What is the reason behind NGT’s decision?
World Culture Festival was organised by the the Art of Living Foundation in the Yamuna Floodplains in March 2016.
NGT earlier imposed Rs.5 crore as interim environment compensation on the Art of Living Foundation for the event’s impact on the environment.
An expert committee, in its report, said that due to the event, the floodplains lost “almost all its natural vegetation” like trees, shrubs, tall grasses, aquatic vegetation.
It includes loss of water hyacinth that provides habitat to a large number of animals, insects and mud-dwelling organisms.
Now, NGT again held the organisation responsible for causing damage and environmental degradation.

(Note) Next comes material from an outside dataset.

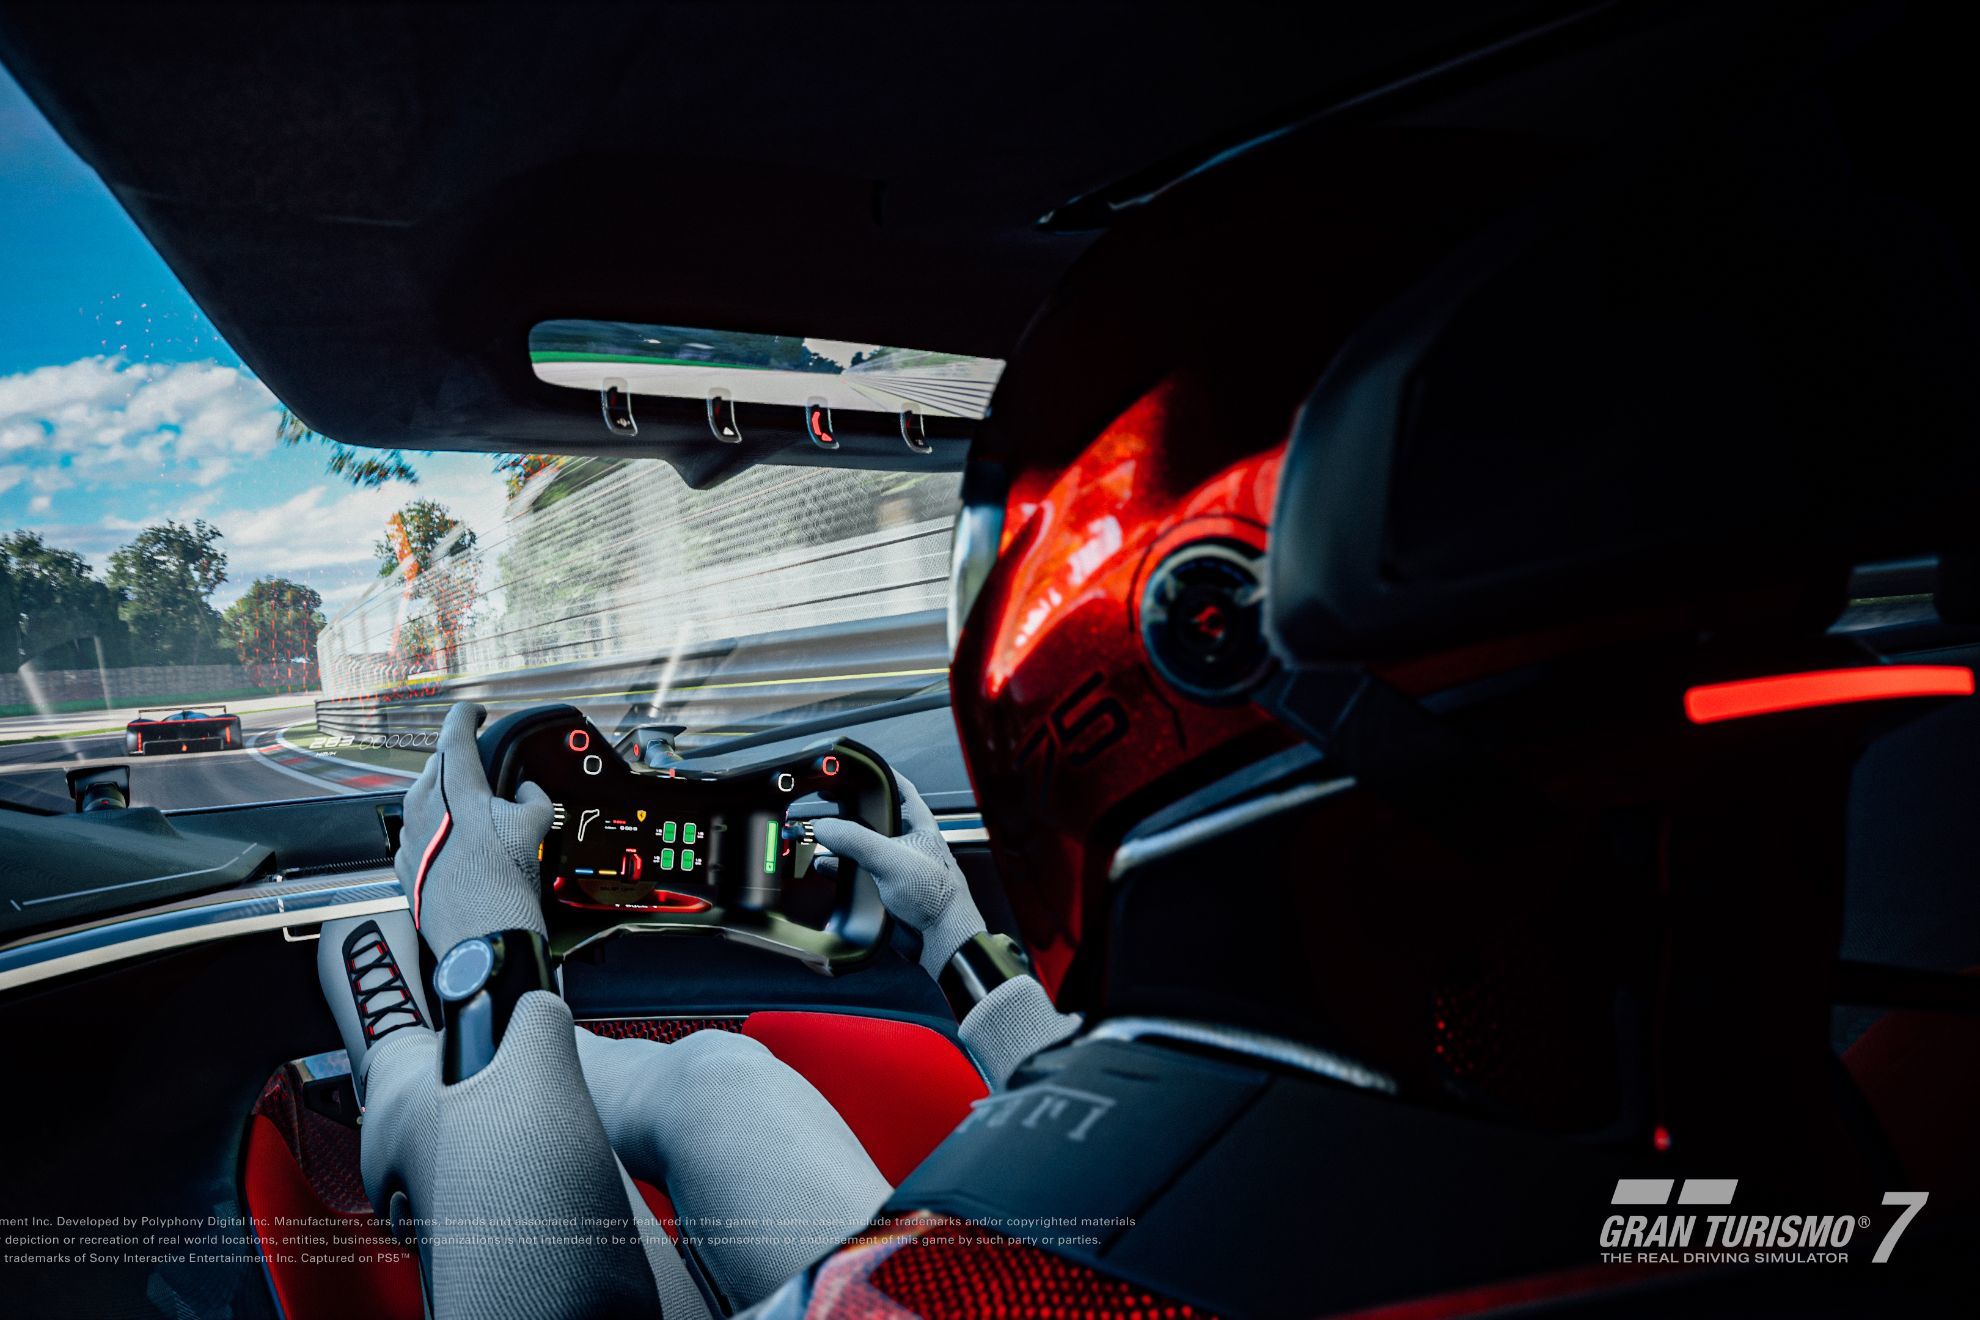 El Ferrari Vision Gran Turismo estar disponible en la PlayStation a finales de diciembre.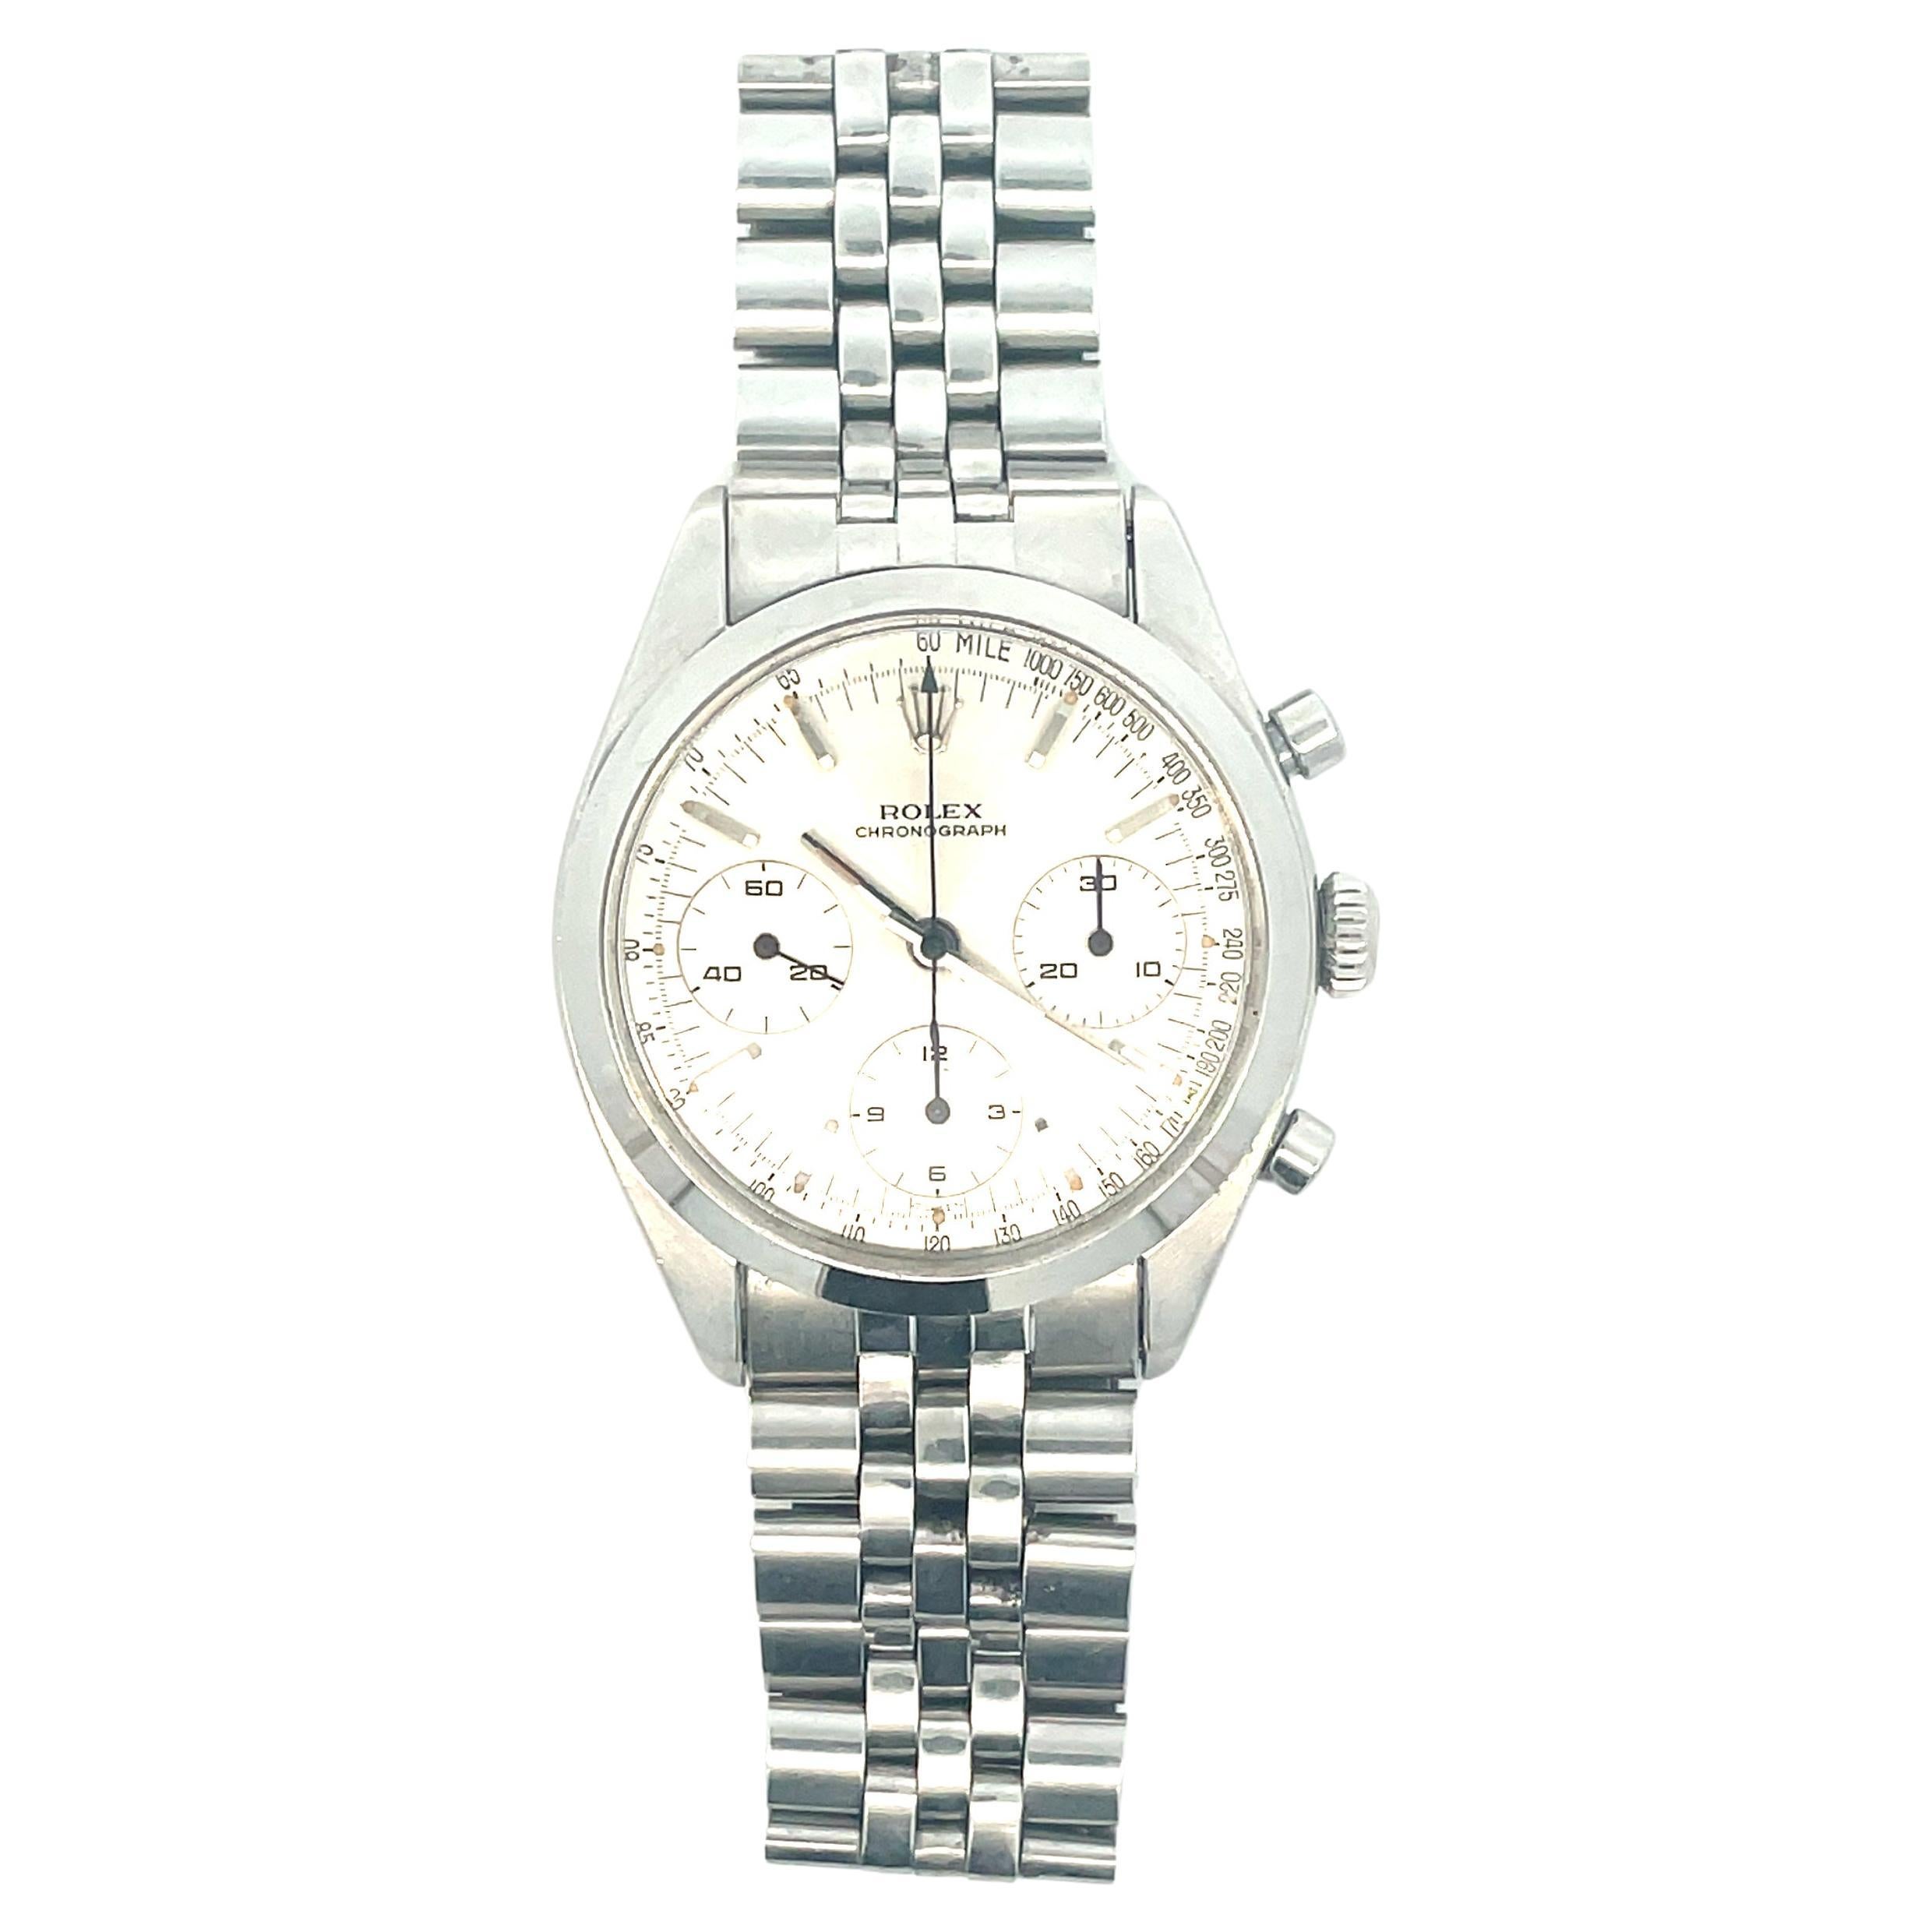 Rolex Vintage Chronograph Pre Daytona 6238 Watch never polished For Sale

It also added that if restoration costs exceeded earlier fine of Rs.5 crore, DDA could recover the balance from the Art of Living Foundation.
The decision was based on polluter pays principle.
What is polluter pays principle?
It is an universally acknowledged in environmental jurisprudence.
According to this, those who pollute the environment must be made to pay not just for the costs of remedial action, but also for compensating victims of environmental damage.
The principle’s origin can be traced back to the Stockholm Declaration made at the UN Conference on the Human Environment in 1972.
The Declaration asked signatory countries to develop international laws “regarding liability and compensation for the victims of pollution and other environmental damage”.
After this World Commission on Environment and Development (WCED), was established in 1983 emphasised polluter’s pay principle.
The 1987 WCED report greatly influenced the Rio Earth Summit of 1992, which, for the first time, explicitly enshrined the Polluter Pays Principle.